Allora. I'm off to look at a new apartment this afternoon with a friend of a friend who seems to be some kind of real estate broker. Gemma doesn't speak any English, so I'm not completely confident that I know where we're going, how many apartments she can show me in my price range. I'm not even entirely sure when we're meeting, or where.

This is my new normal -- and at least I know that it's bound to be interesting.

Sunday 15 July 2012

The Virgin and the Griffin




That's the title of my novel, which I am close to publishing as an e-book. The manuscript is now being formatted, the cover is ready, so once all the technical details are wrapped up, I'll be publishing.


My novel, which I began work on three years ago, is a piece of historical fiction, set in Perugia at the beginning of the 16th century. In many ways, it was inspired by a gorgeous textile that I bought several years ago from Marta Cucchia, a very talented weaver in Perugia who is trying to keep the Umbrian weaving tradition alive at her family's Giuditta Brozzetti laboratorio.



This is my first novel, so I suspect there will be mistakes and criticisms but I hope these will help me to improve my  writing in my next novel, now in the works.

But, I'm getting ahead of myself!

The Virgin and the Griffin tells of a young woman's struggle to find a measure of joy and beauty in a violent, fear-filled society in a Renaissance Italian city fractured by politics and war, yet a place where great beauty and love are still possible.

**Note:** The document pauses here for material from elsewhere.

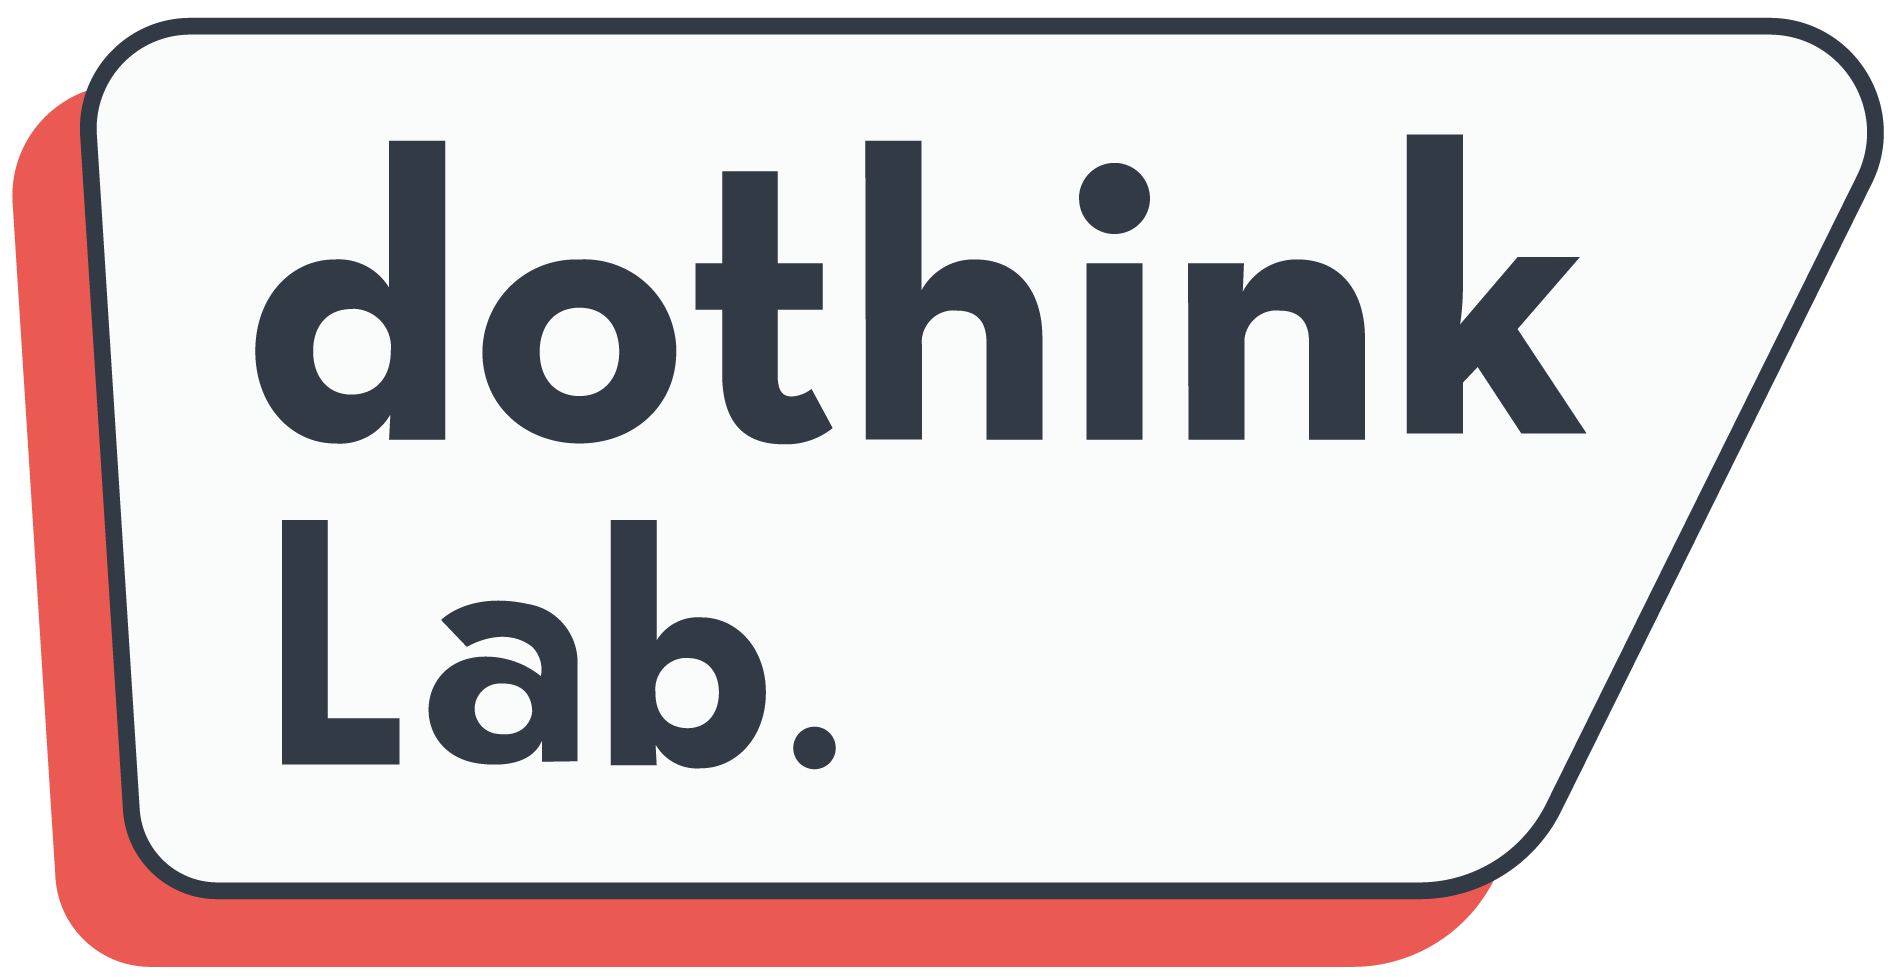 DothinkLab.com

In 1504 Perugia, an ancient city in central Italy, is a place of great art, great violence – and a great many secrets. Isabella Bevilacqua, a young weaver in her family's small workshop, understands this very well. Her dreams of creating a work of great beauty must, like her burgeoning relationship with the enigmatic Father Michele Gialletti, remain carefully hidden from her family and from Perugia's powerful weavers' guild.

Keeping secrets is essential to survival in this city, where wealthy and jealous noble families clash viciously on the streets, in the piazzas – even within the Cathedral of San Lorenzo....

Much of the background to my novel is based on facts: Pope Julius, known so well for commissioning Michelangelo to paint the Sistine ceiling, did in fact march an army on Perugia to control the warring families. Great painters discussed in the novel, such as Raphael, really did live and work in Perugia.

And Perugia is, of course, a beautiful, mysterious, sometimes marble-hard city that fascinates.



I can't wait to publish my novel and bring my characters to life!